**Work task:** Only the pictures are to be left out; write out the rest of the data exactly.

**Supplied information:**
================================
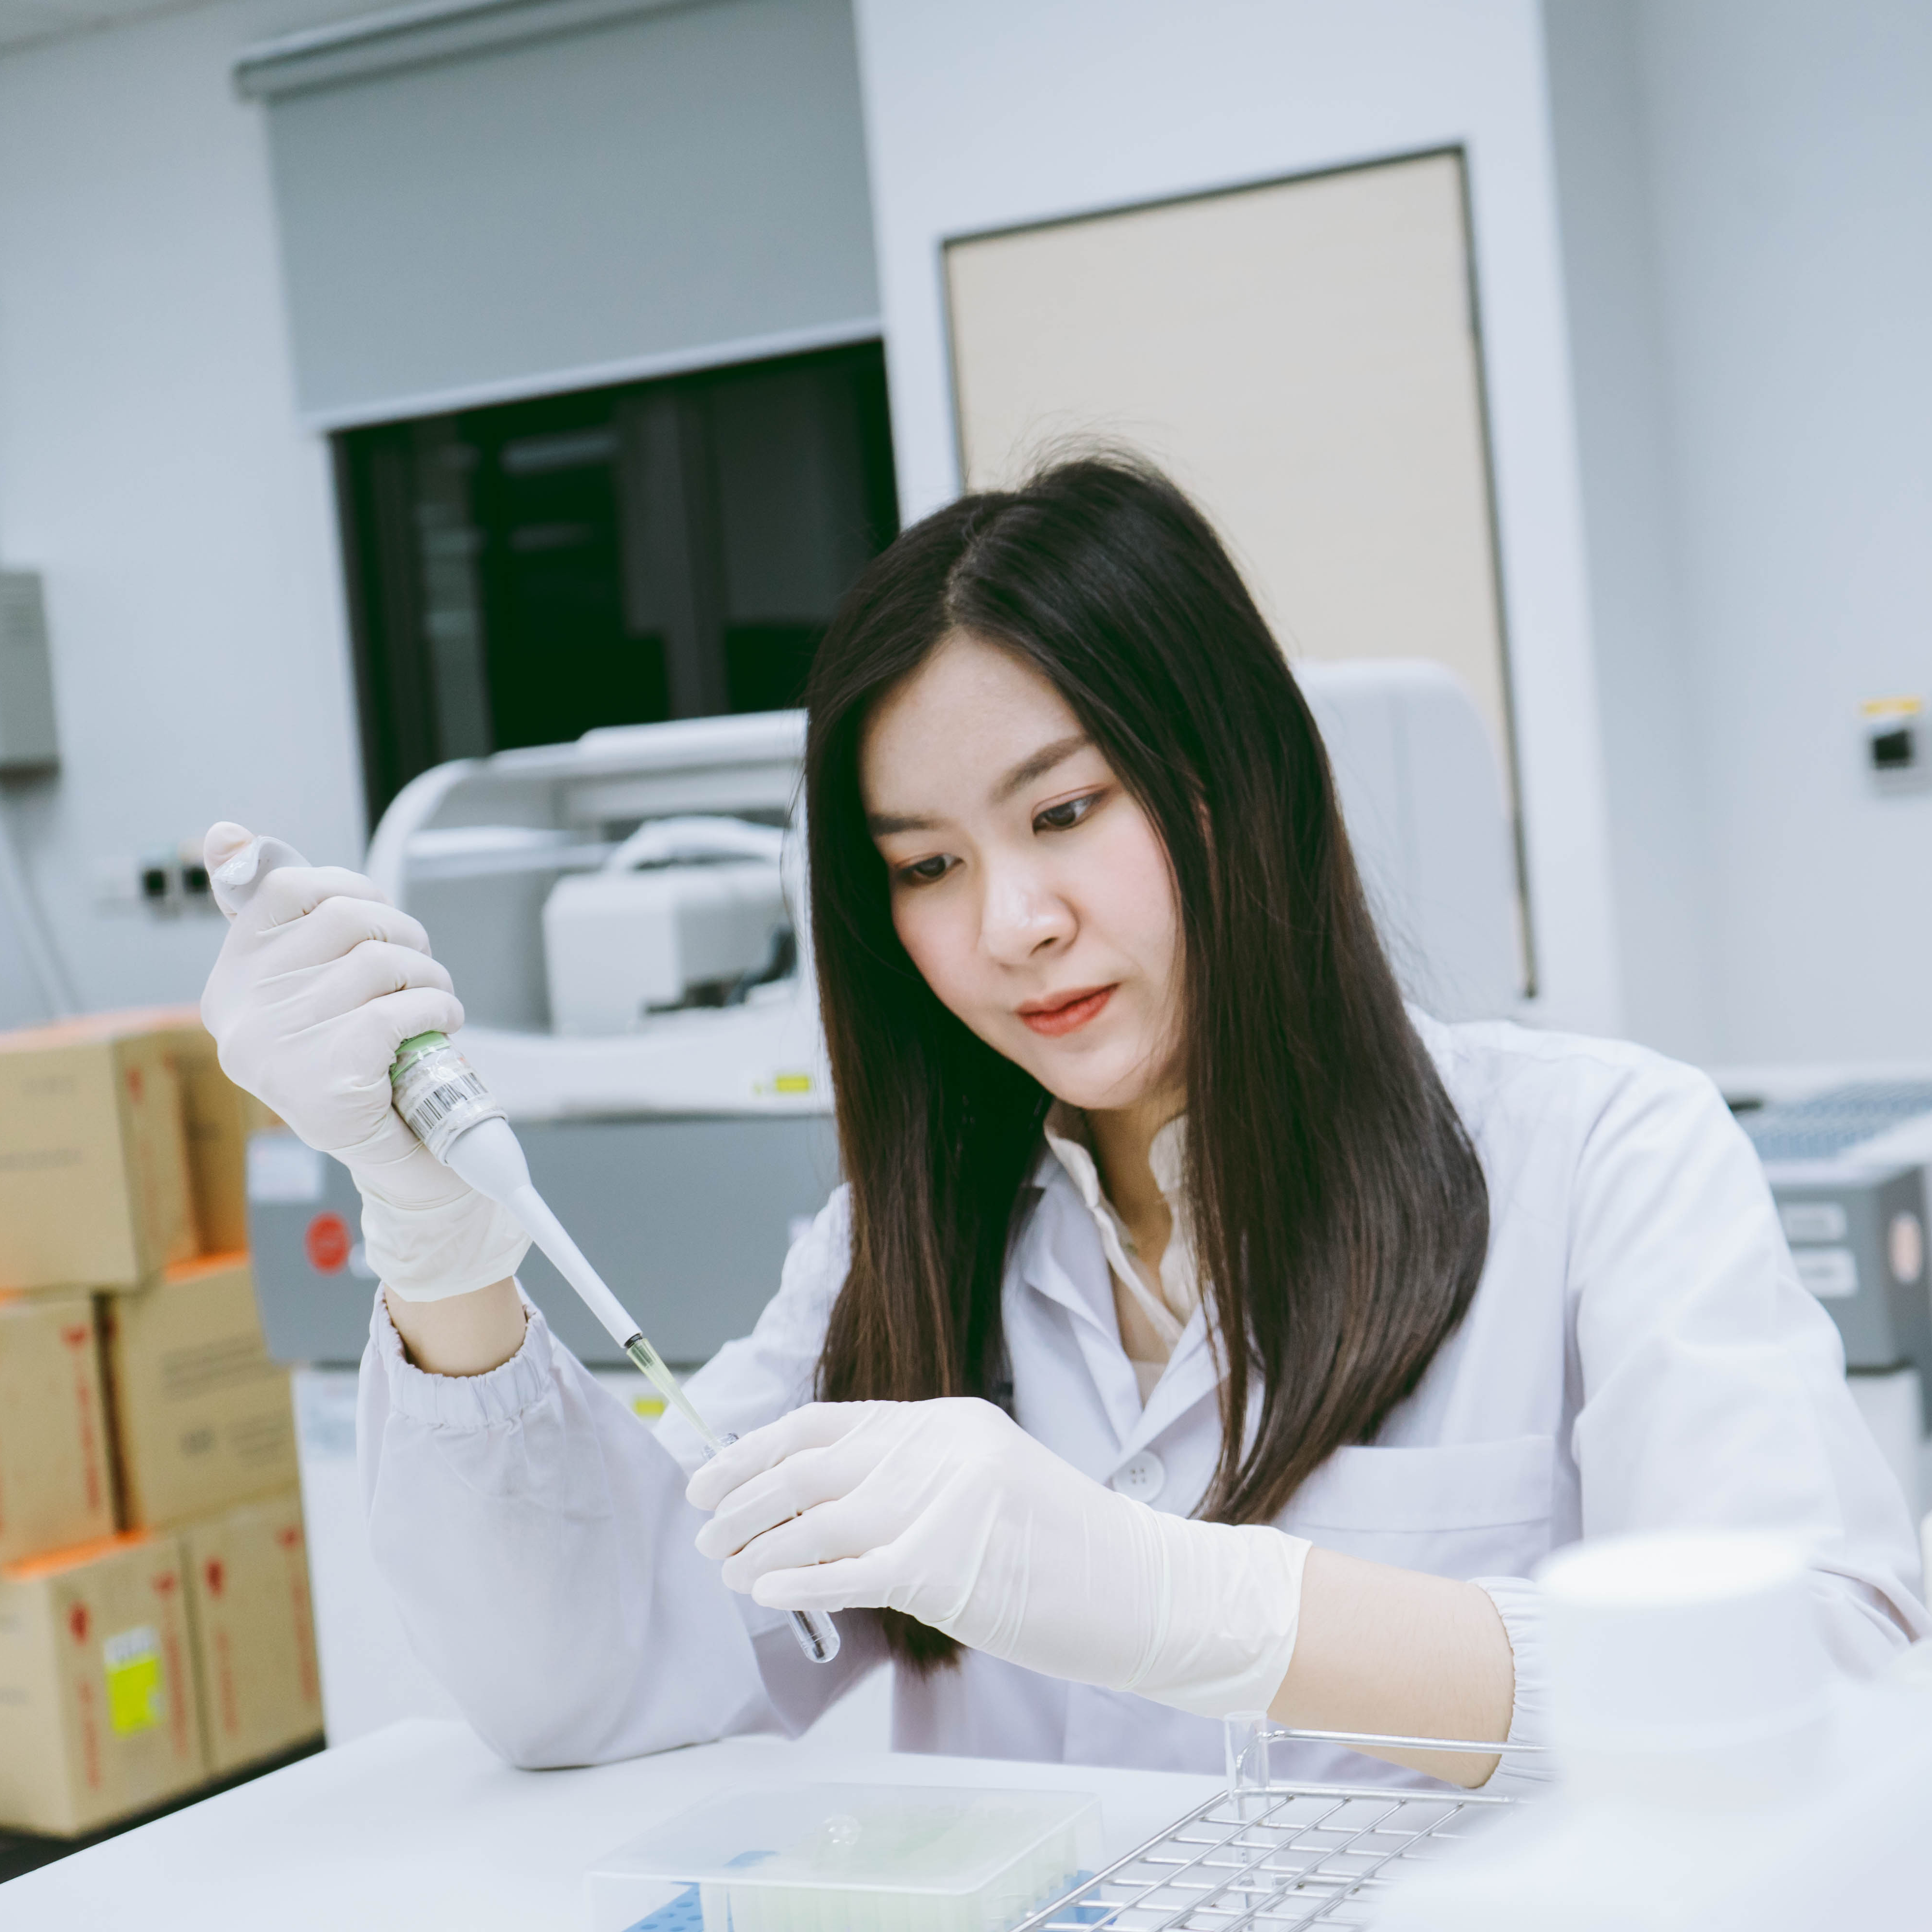 Tips for Choosing a Dependable Lab Equipment Supplier
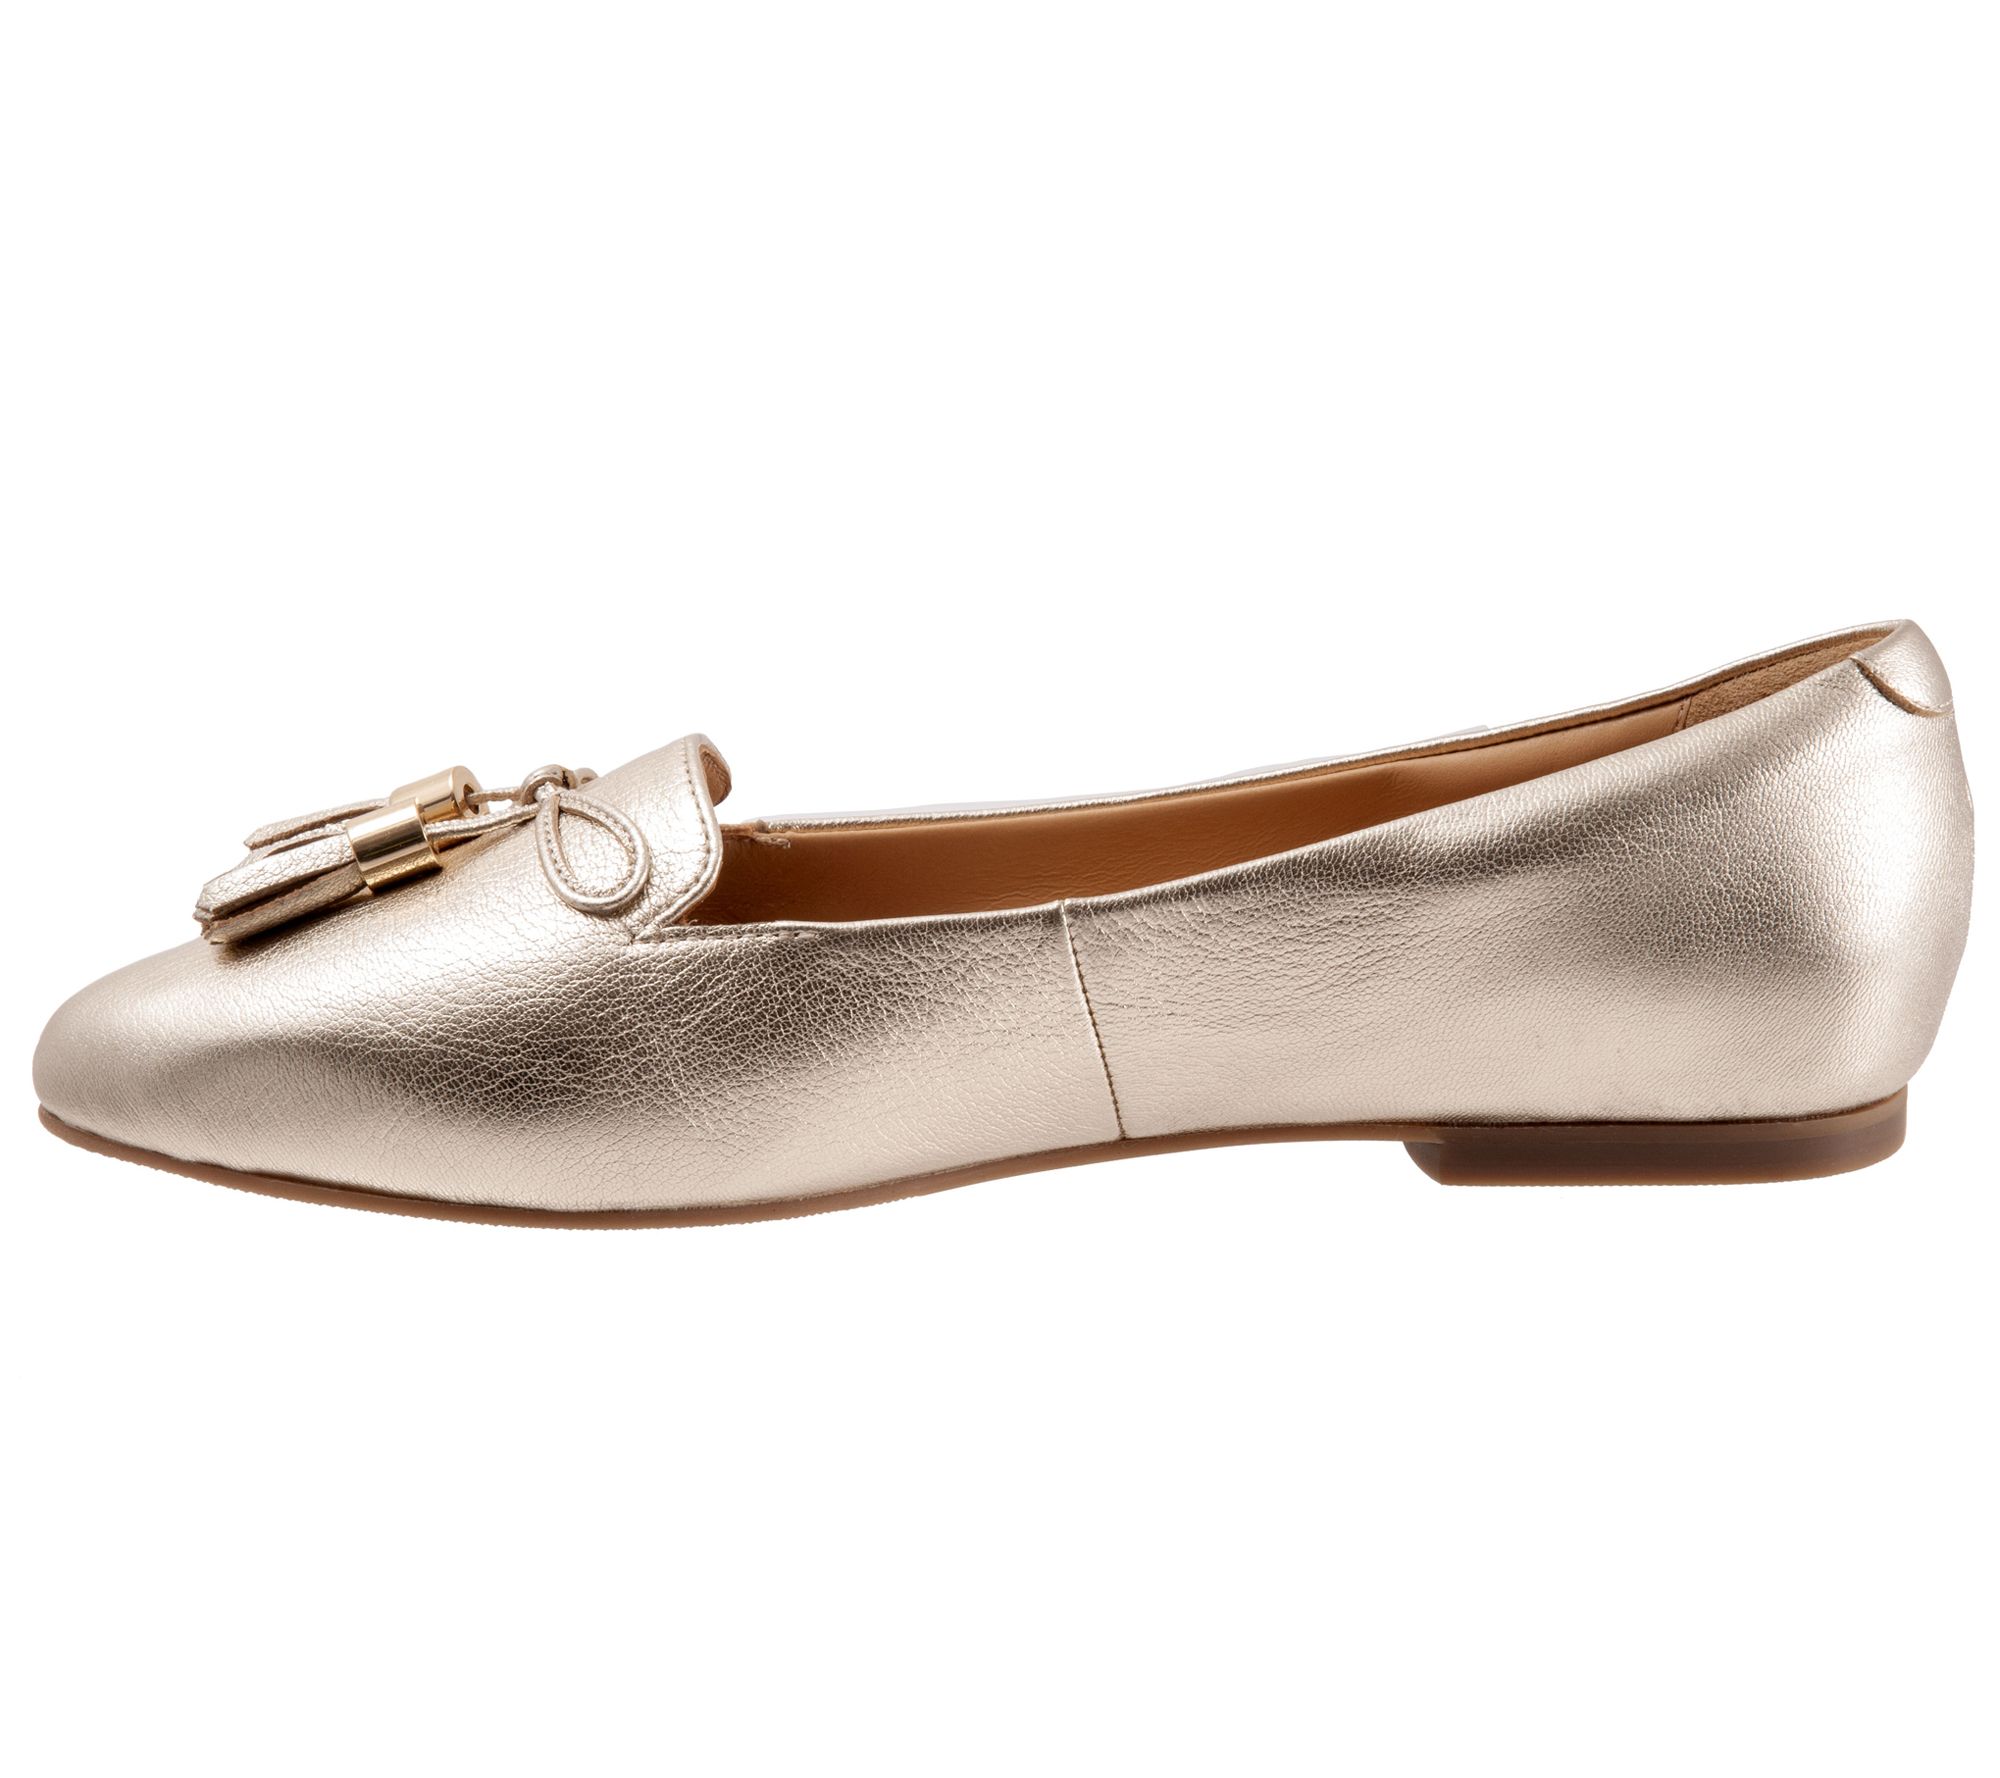 Trotters Pointy Toe Leather Loafers - Hope - QVC.com
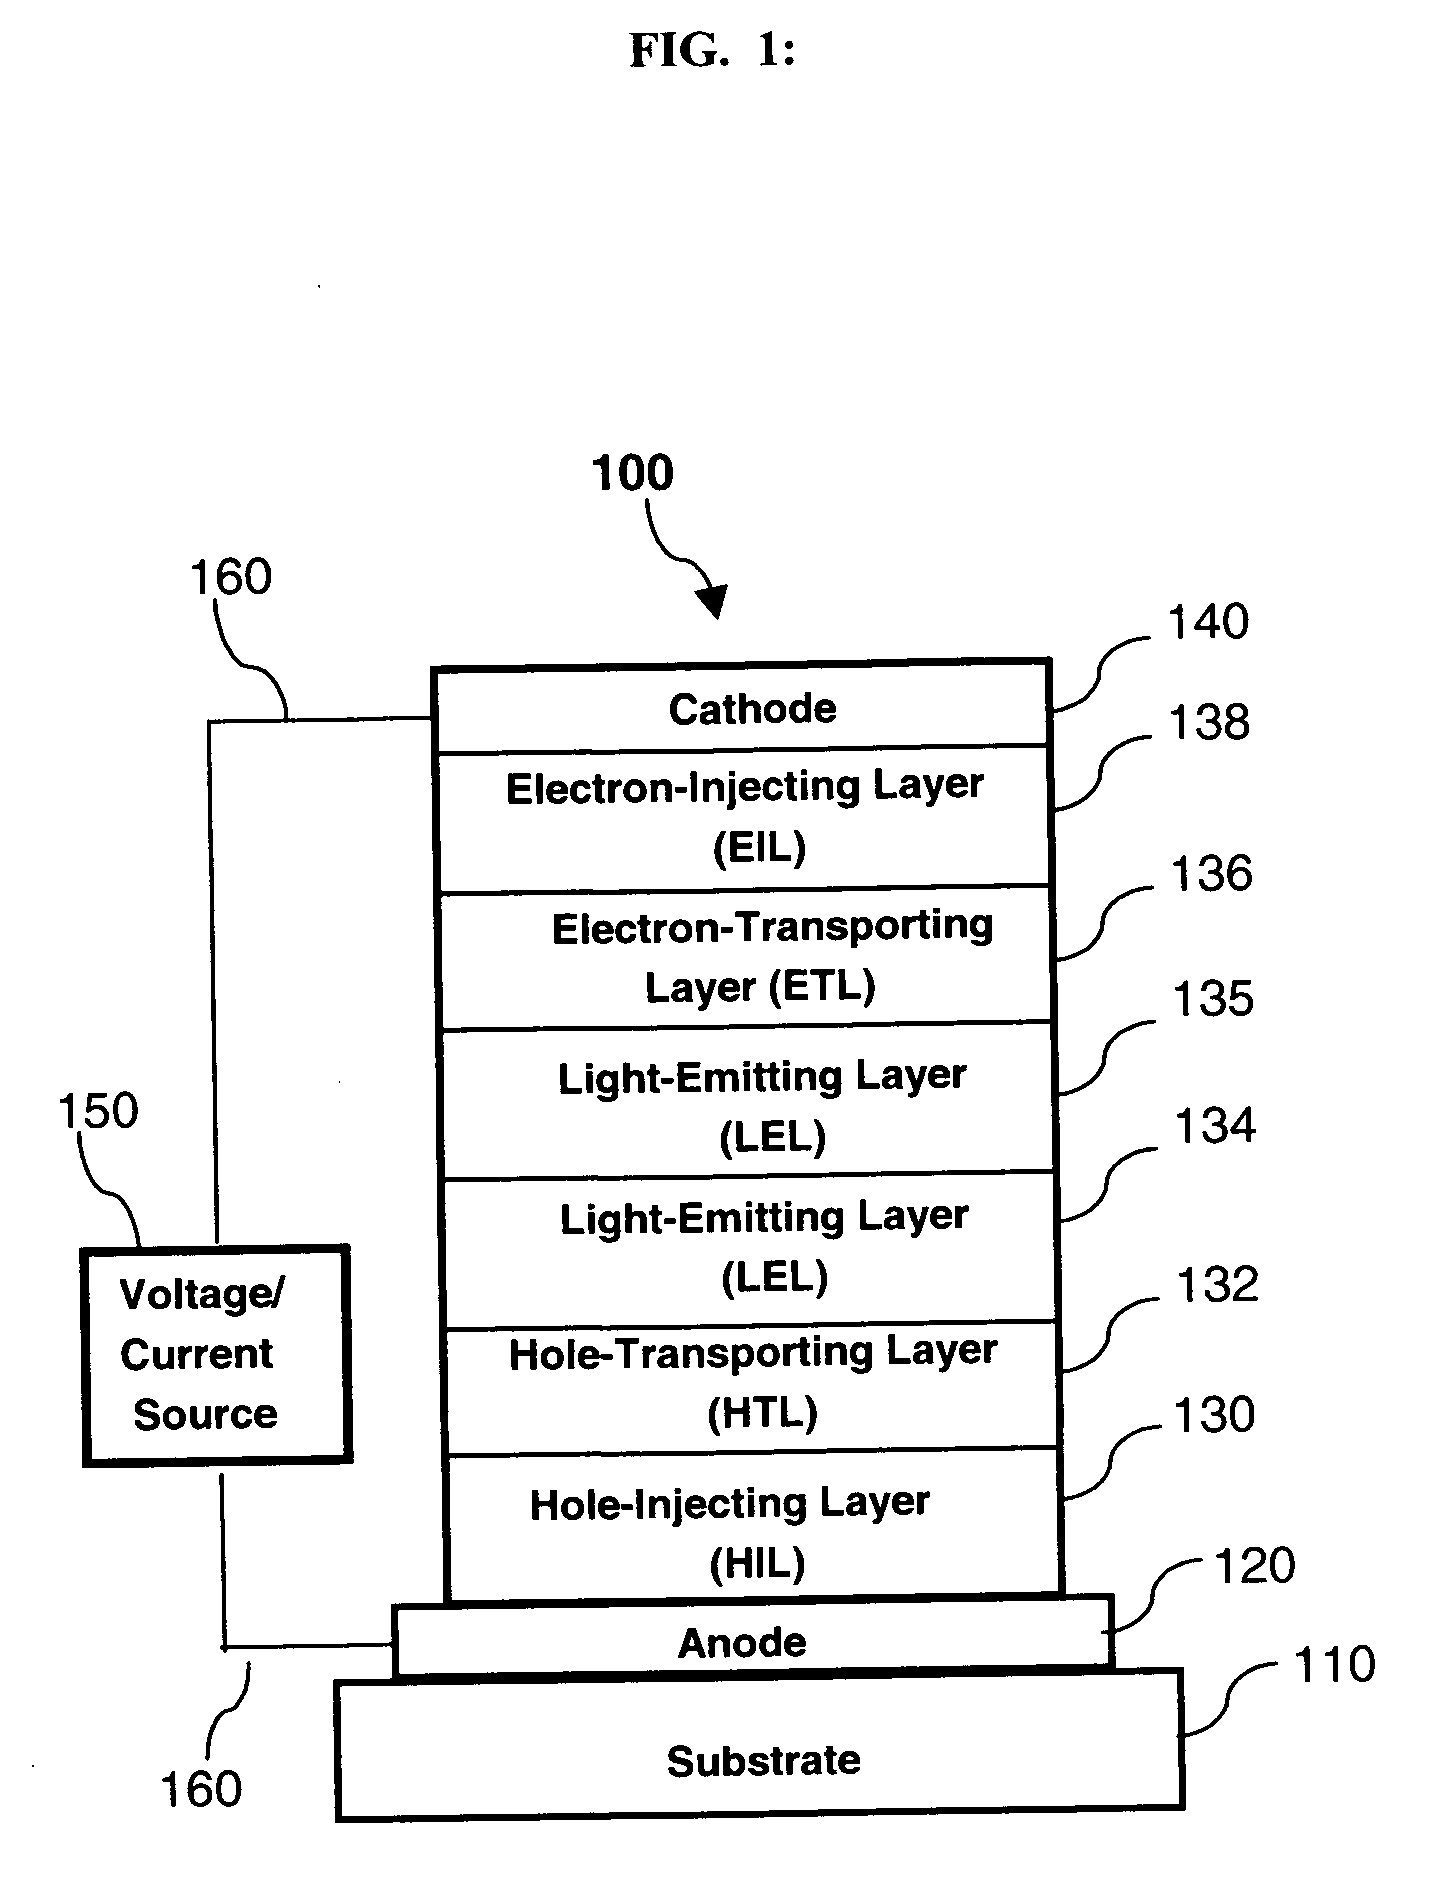 Electron-transporting layer for white OLED device
================================
**Your solution:**
 Tips for Choosing a Dependable Lab Equipment Supplier
 Trotters Pointy Toe Leather Loafers - Hope - QVC.com
 Electron-transporting layer for white OLED device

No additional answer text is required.